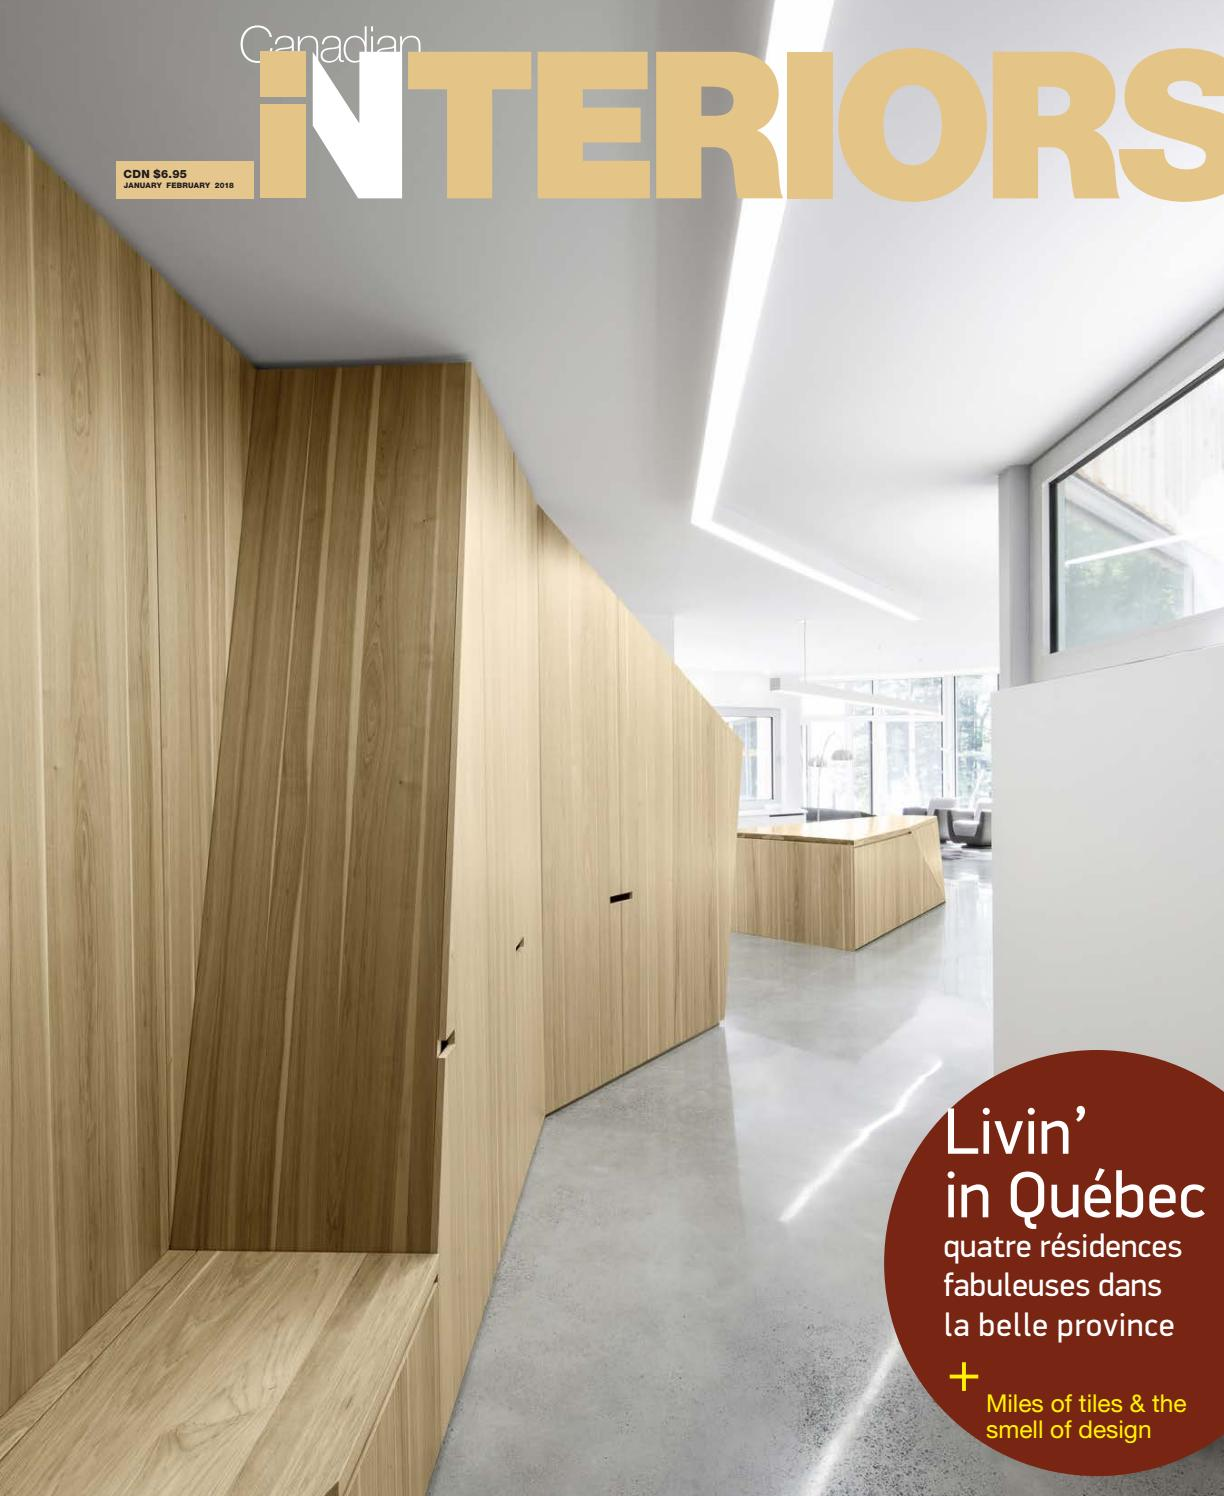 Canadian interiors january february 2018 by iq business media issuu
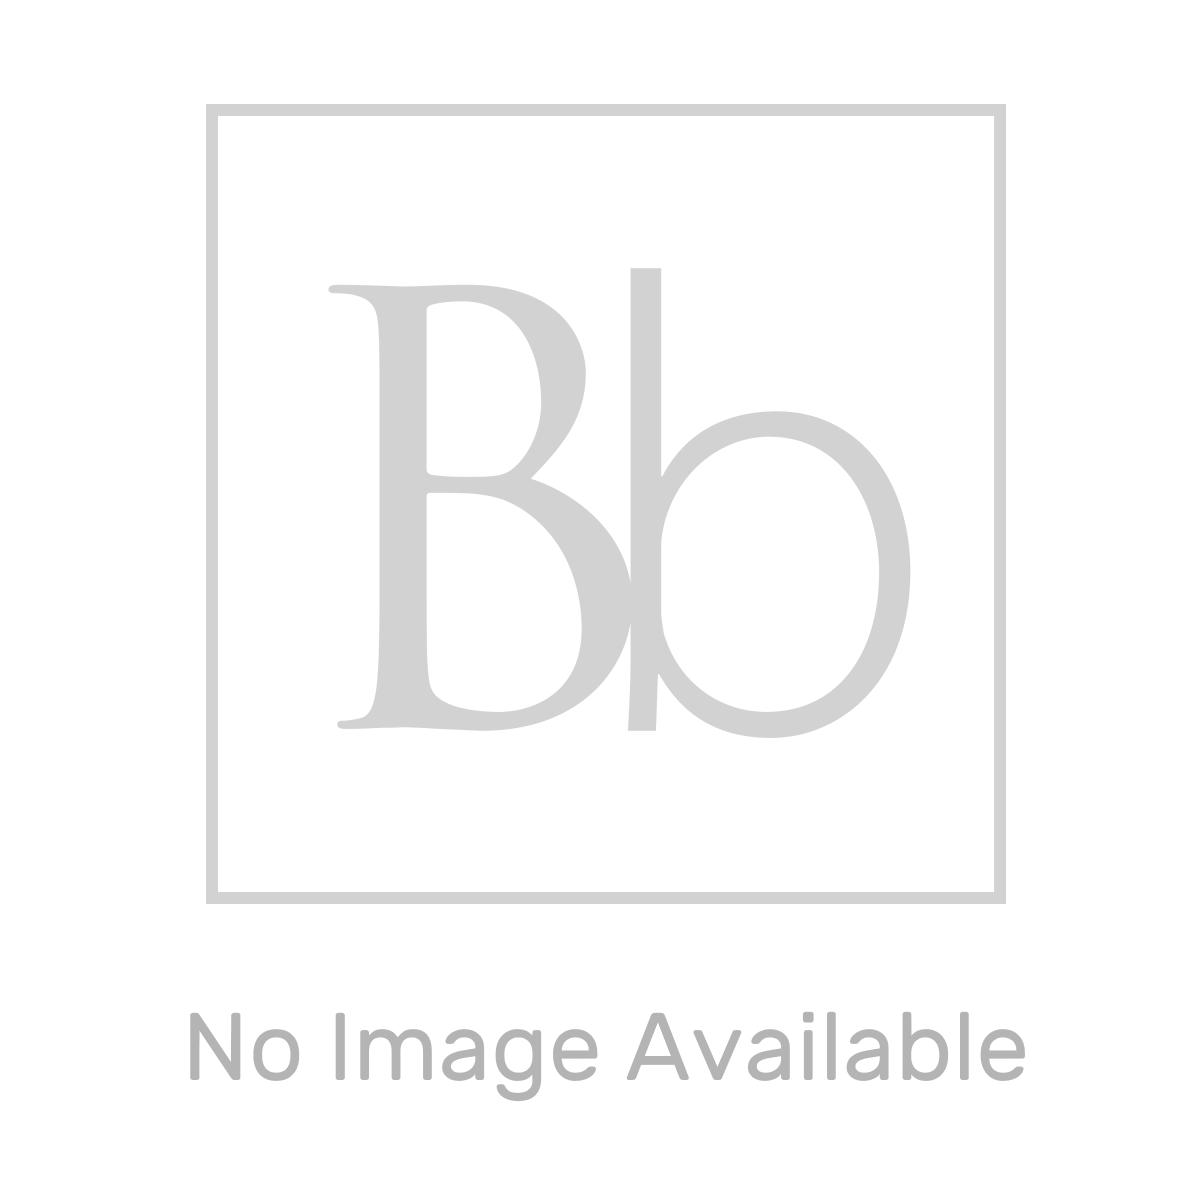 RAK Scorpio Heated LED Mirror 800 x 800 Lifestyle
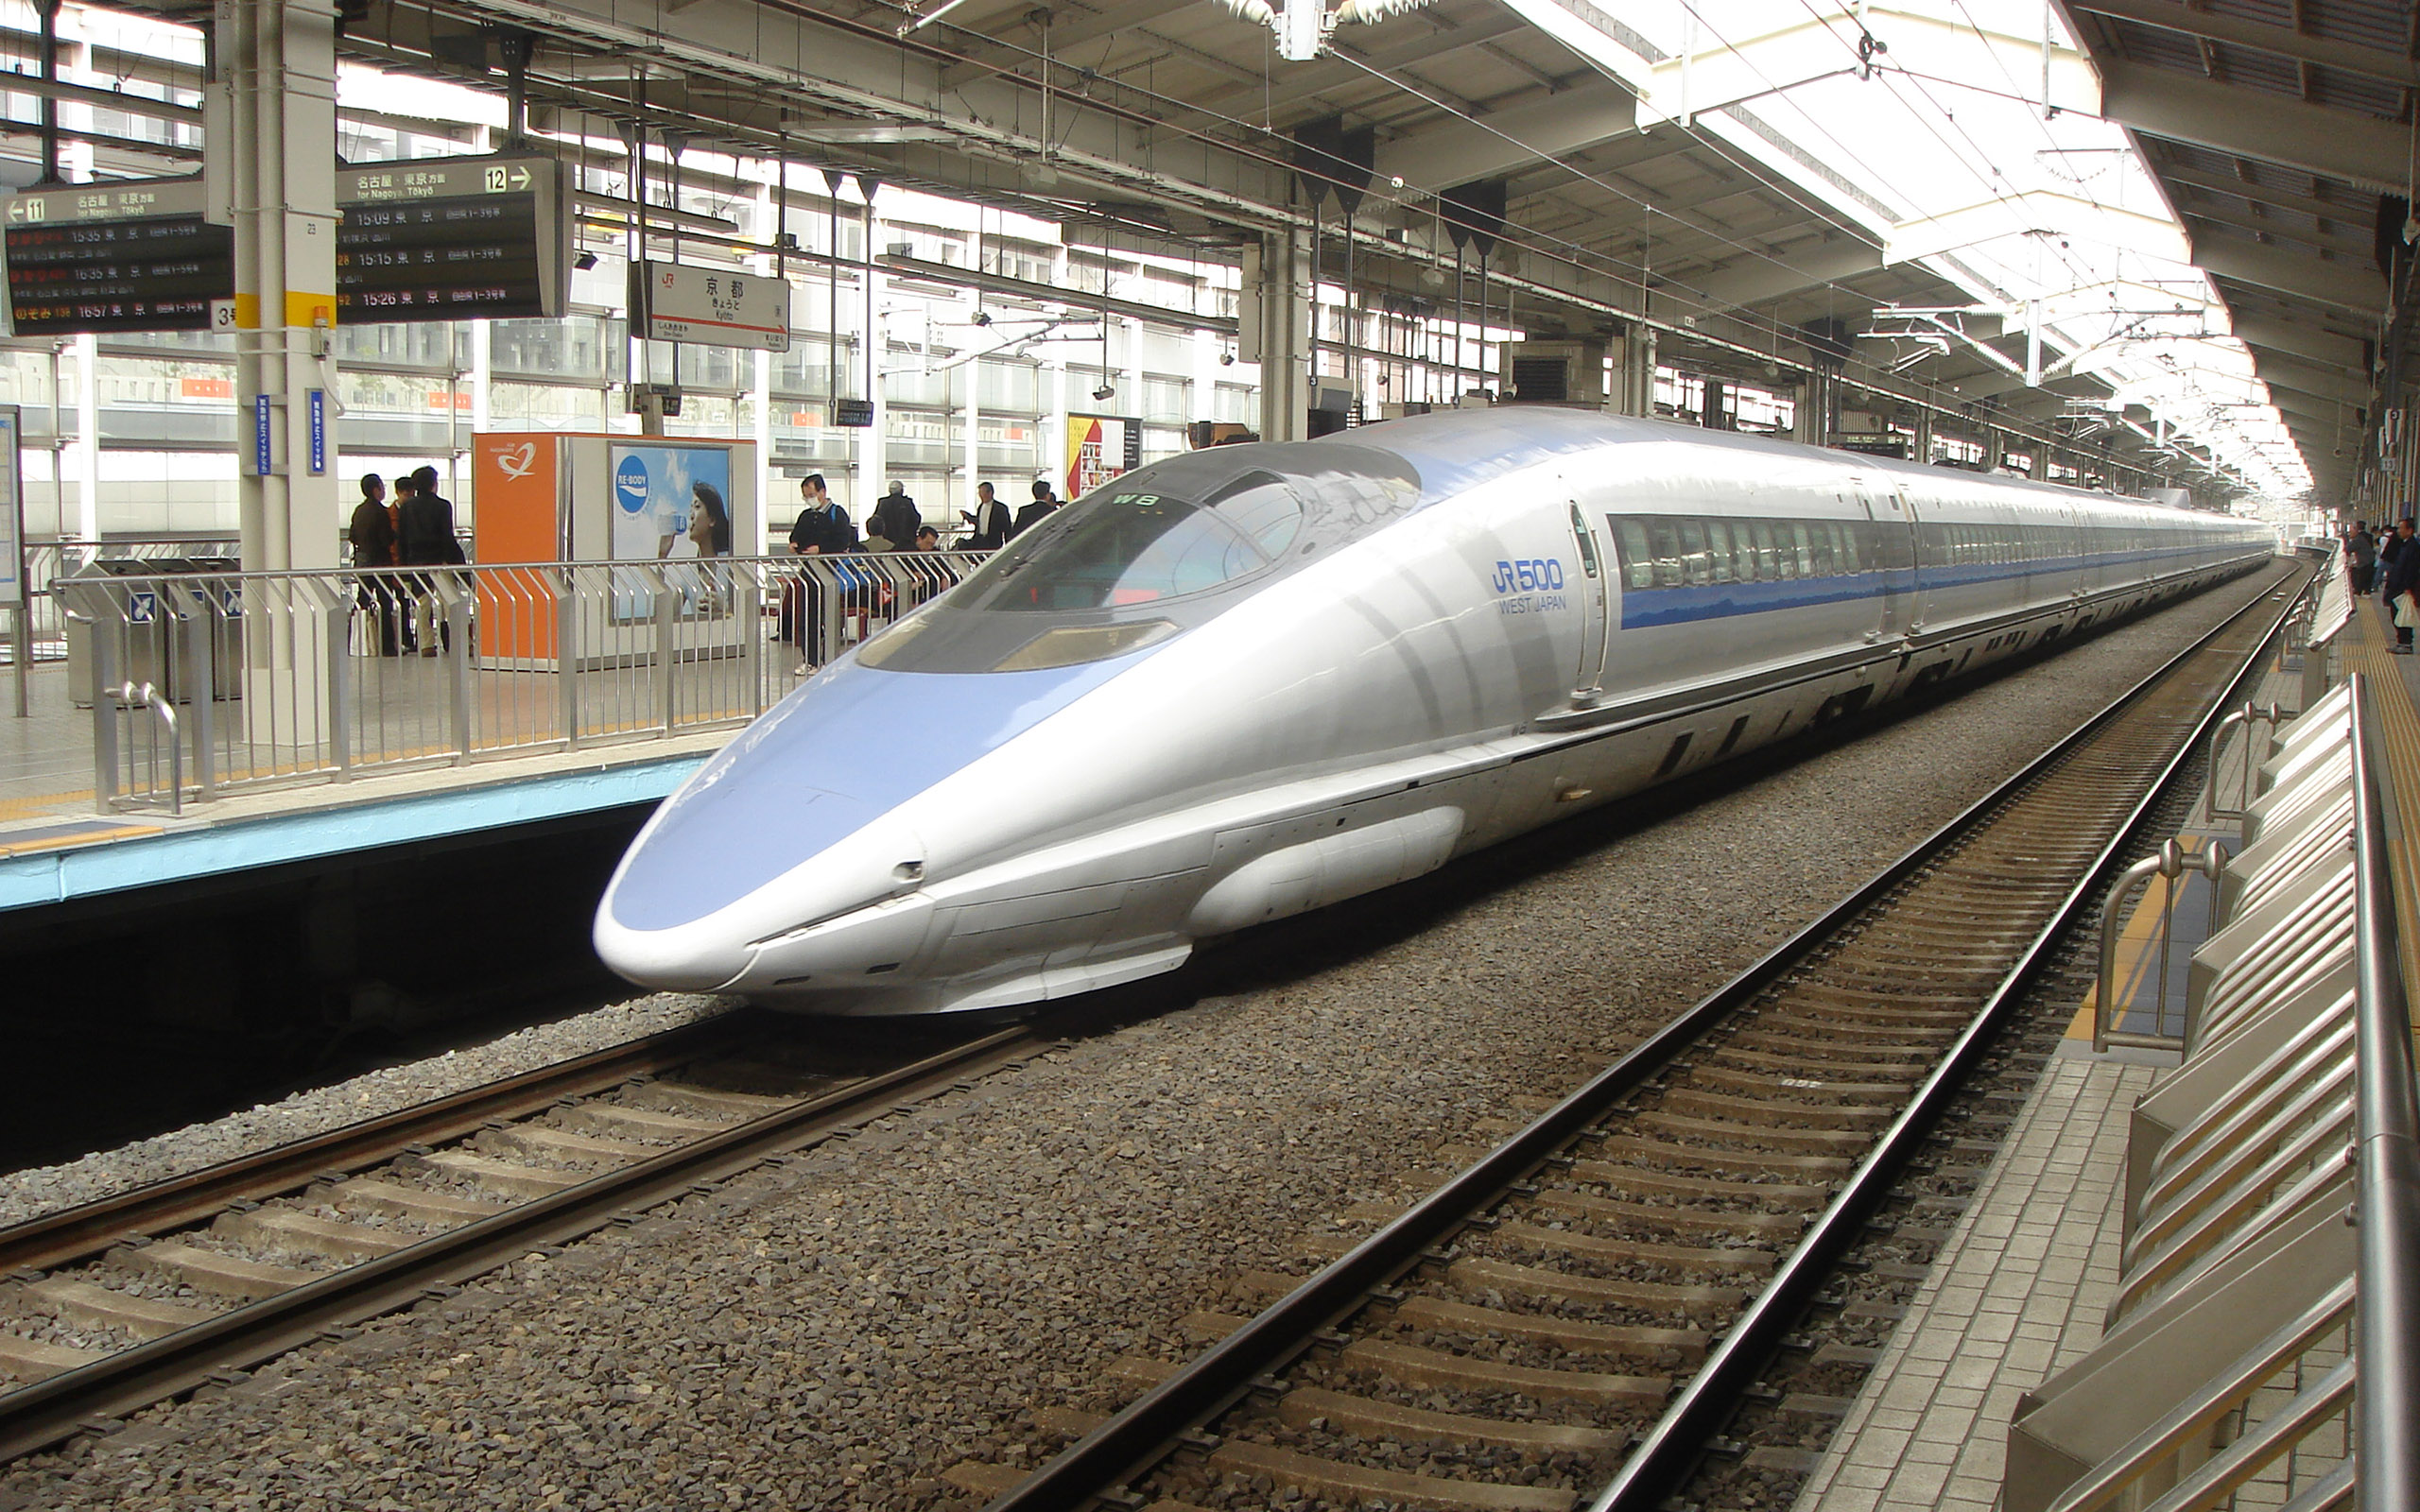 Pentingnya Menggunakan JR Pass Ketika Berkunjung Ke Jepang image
==============================
**ACTIVITY**
Here the job is to print the data above exactly, except for any pictures.

**WRITTEN SOLUTION**
 Canadian interiors january february 2018 by iq business media issuu
 RAK Scorpio Heated LED Mirror 800 x 800 Lifestyle
 Pentingnya Menggunakan JR Pass Ketika Berkunjung Ke Jepang image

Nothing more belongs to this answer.